By giving for 'the sigh of dawn' the simile of the breeze, there's a double meaningfulness in calling himself a 'lamp', because a lamp is extinguished at dawn; while in Jur'at's verse, there's only a single affinity. In diyā sā bujhā diyā , the repetition of diyā gives pleasure.

FWP:

SETS == REPETITION
MOTIFS == 'DEAD LOVER SPEAKS'
NAMES
TERMS == AFFINITY; WORDPLAY

Since this is an opening-verse and the refrain is diyā , there have to be two occurrences of diyā in the verse. But in fact there are three. SRF points out the enjoyableness of diyā sā bujhā diyā . The ear hears the repetition of identical sounds, which are made nicely rhythmic by the meter. And simultaneously the mind hears or 'reads' the two diyā occurrences in the second line so differently that their repetitive sound effects hardly even register.

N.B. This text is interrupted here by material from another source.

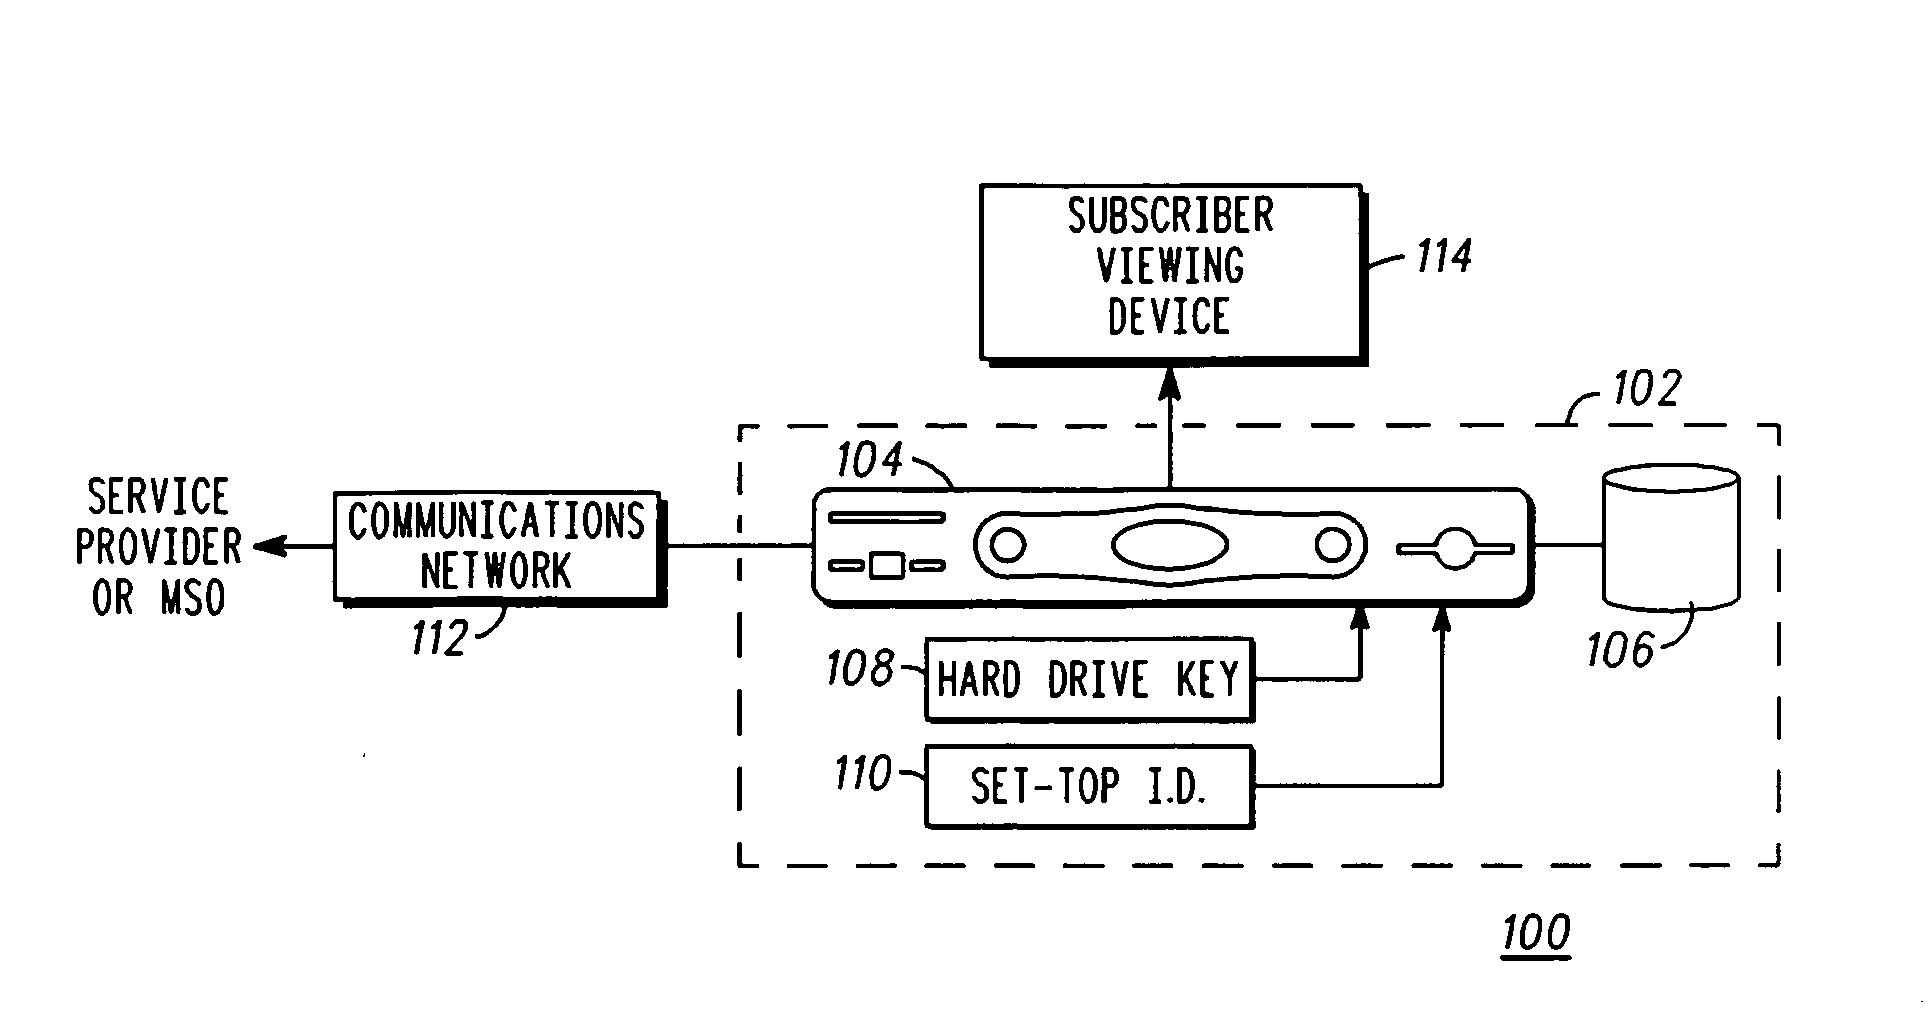 Method and apparatus for storing and retrieving encrypted programming content such that it is accessible to authorized users from multiple set top boxes

Mir surely started out by playing with the double possibilities of diyā . But then the verse goes far beyond the mere aural cleverness of that idea, and creates a depth and subtlety that SRF well explicates. The explicit equation of 'the sigh of the dawn' in the first line and 'that breeze' (or 'this breeze'; it hardly matters which one we read) in the second line, suggests a similar parallelism between 'tumult of the heart' in the first line and 'us' in the second line. Thus it seems that the speaker's whole essence is the 'tumult of the heart'; it can't be ended until his life is over, and the moment it's ended his life is over too.